This is a check list of all you can do wrong when trying to set limits on Debian/Ubuntu. The hints might apply to other distros too, but I didn't check. If you have additional suggestions please leave a comment!

Always Check Effective Limit

The best way to check the effective limits of a process is to dump

/proc/<pid>/limits
which gives you a table like this
Limit  Soft Limit Hard Limit Units 
Max cpu time unlimited unlimited seconds 
Max file size unlimited unlimited bytes 
Max data size unlimited unlimited bytes 
Max stack size 10485760 unlimited bytes 
Max core file size 0 unlimited bytes 
Max resident set unlimited unlimited bytes 
Max processes 528384 528384 processes 
Max open files 1024 1024 files 
Max locked memory 32768 32768 bytes 
Max address space unlimited unlimited bytes 
Max file locks unlimited unlimited locks 
Max pending signals 528384 528384 signals 
Max msgqueue size 819200 819200 bytes 
Max nice priority 0 0 
Max realtime priority 0 0 
Running "ulimit -a" in the shell of the respective user rarely tells something because the init daemon responsible for launching services might be ignoring /etc/security/limits.conf as this is a configuration file for PAM only and is applied on login only per default.

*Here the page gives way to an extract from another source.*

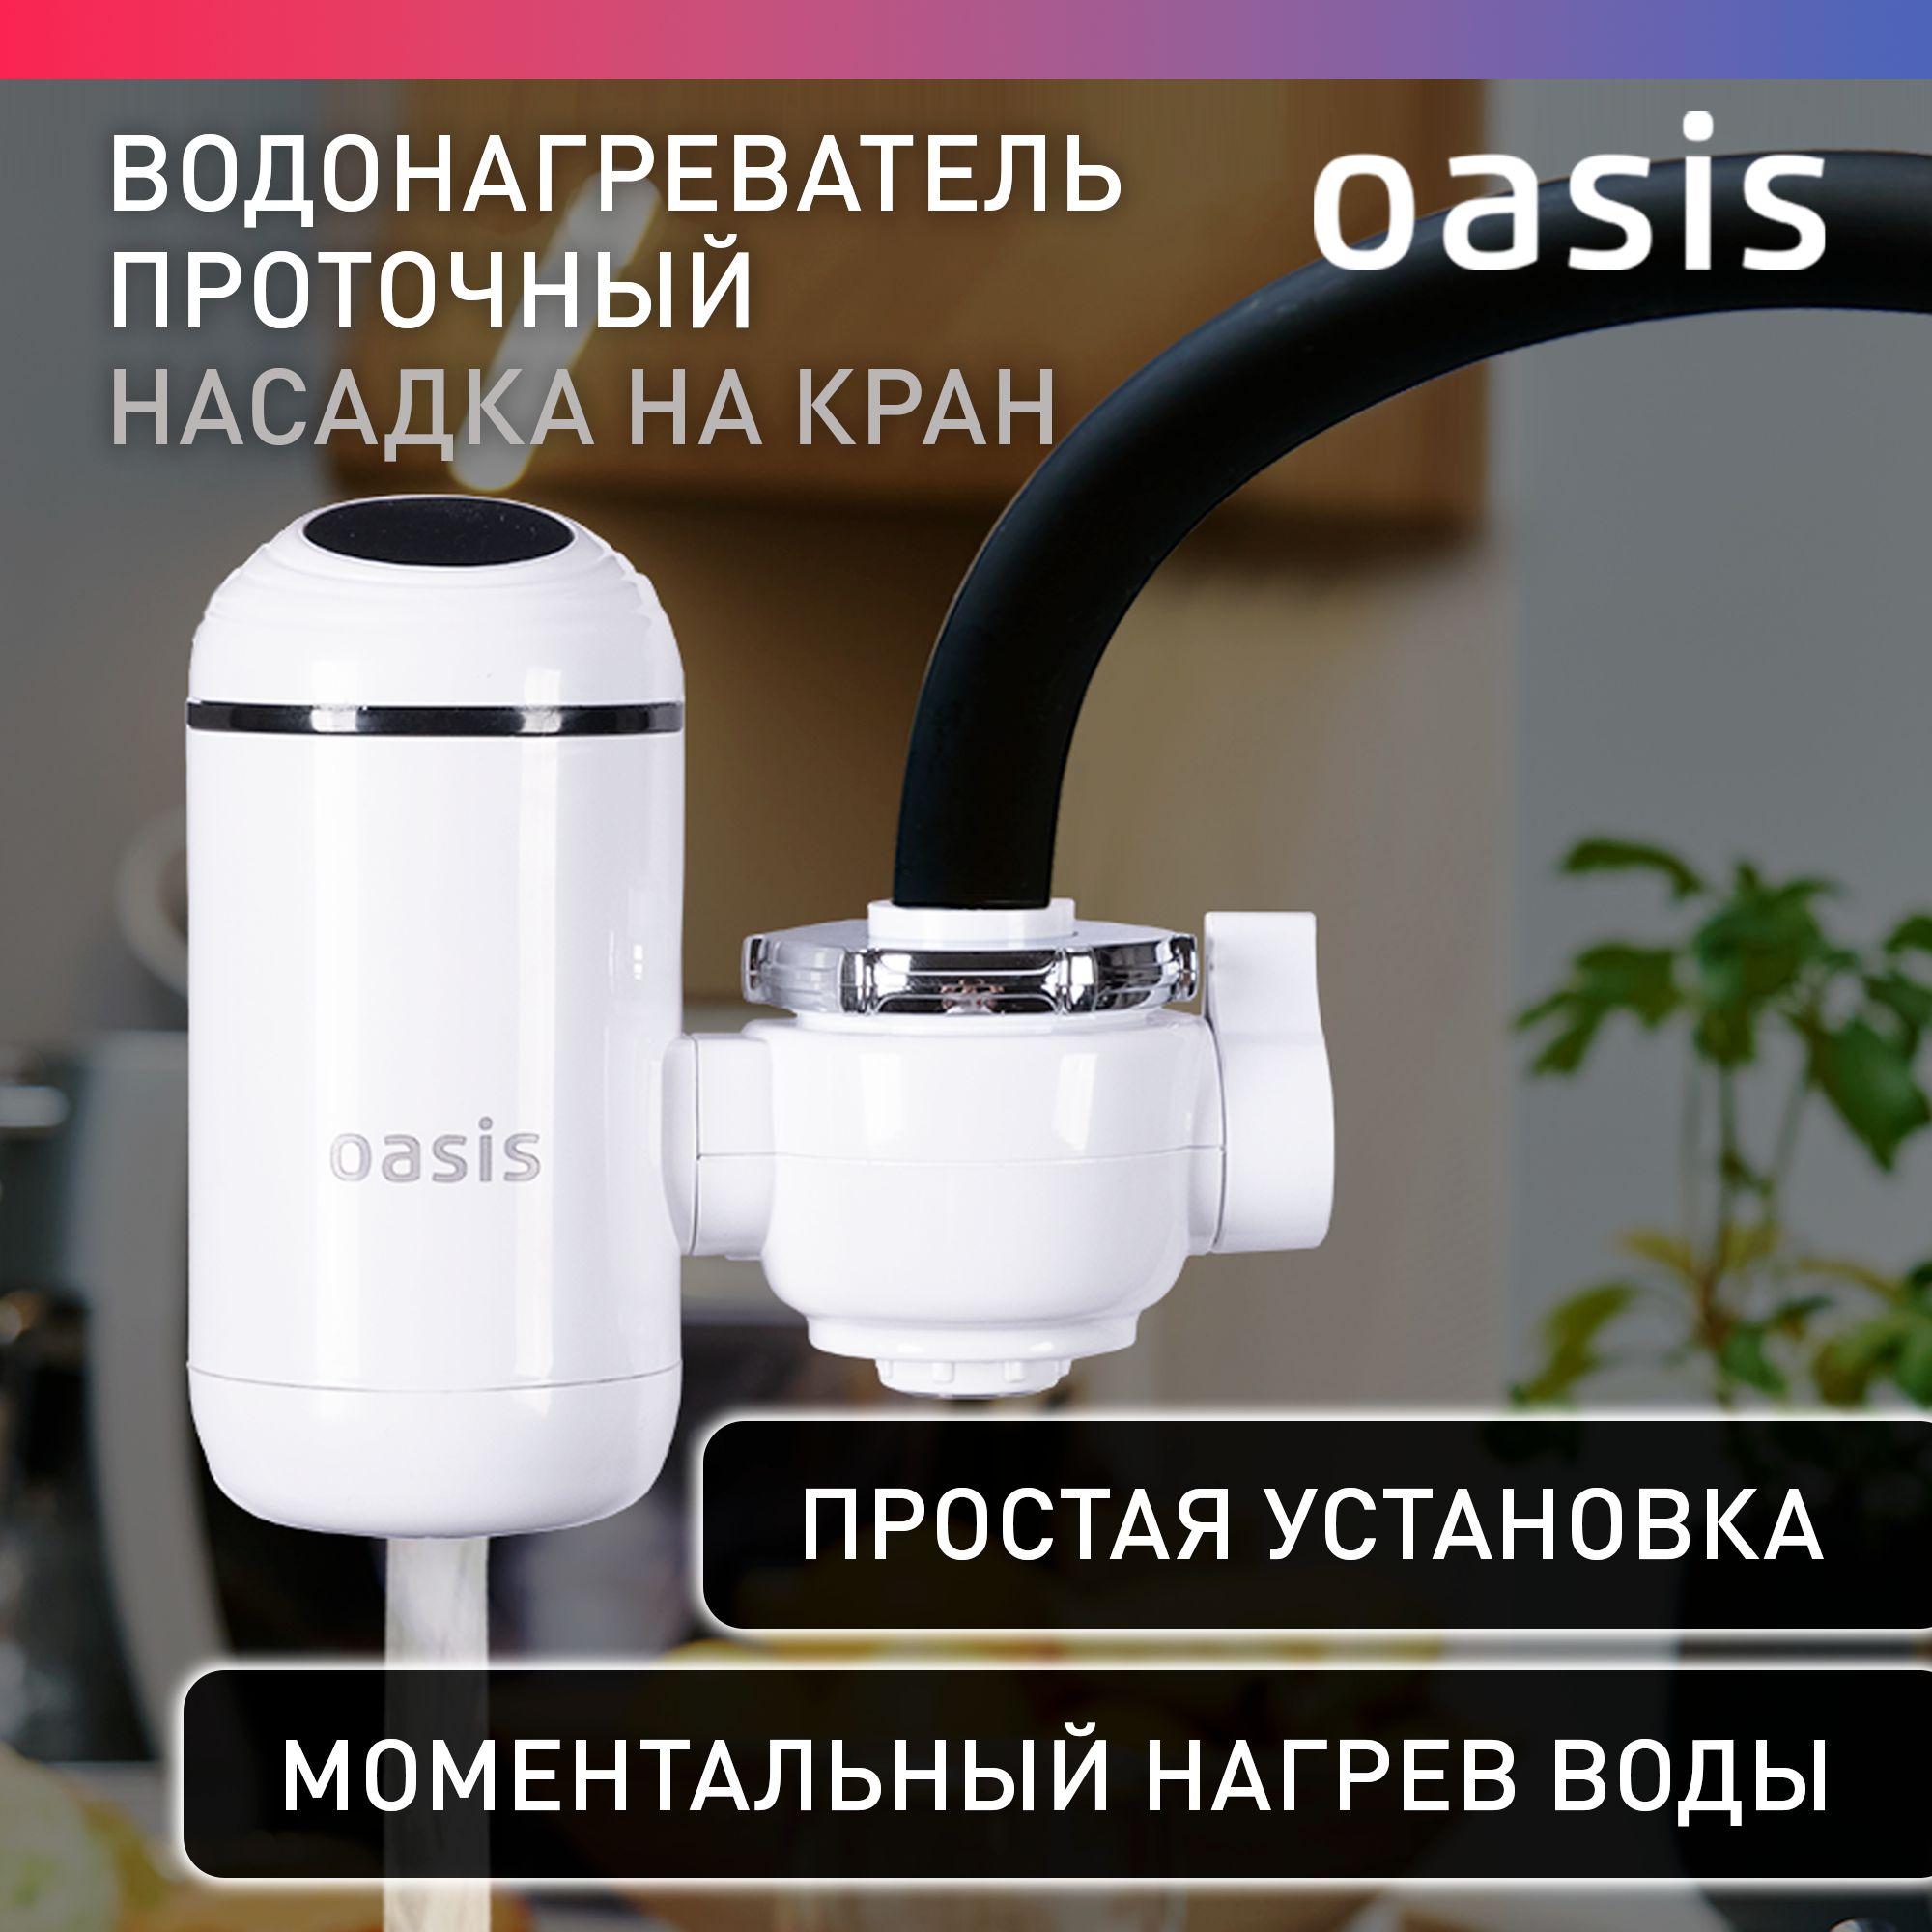 Кран водонагреватель проточный электрический Oasis NP-W / смеситель проточный водонагреватель, кран для кухни, для дачи

Do Not Forget The OS File Limit

If you suspect a limit hit on a system with many processes also check the global limit:
$ cat /proc/sys/fs/file-nr
7488	0	384224
$
The first number is the number of all open files of all processes, the third is the maximum. If you need to increase the maximum:
# sysctl -w fs.file-max=500000
Ensure to persist this in /etc/sysctl.conf to not loose it on reboot.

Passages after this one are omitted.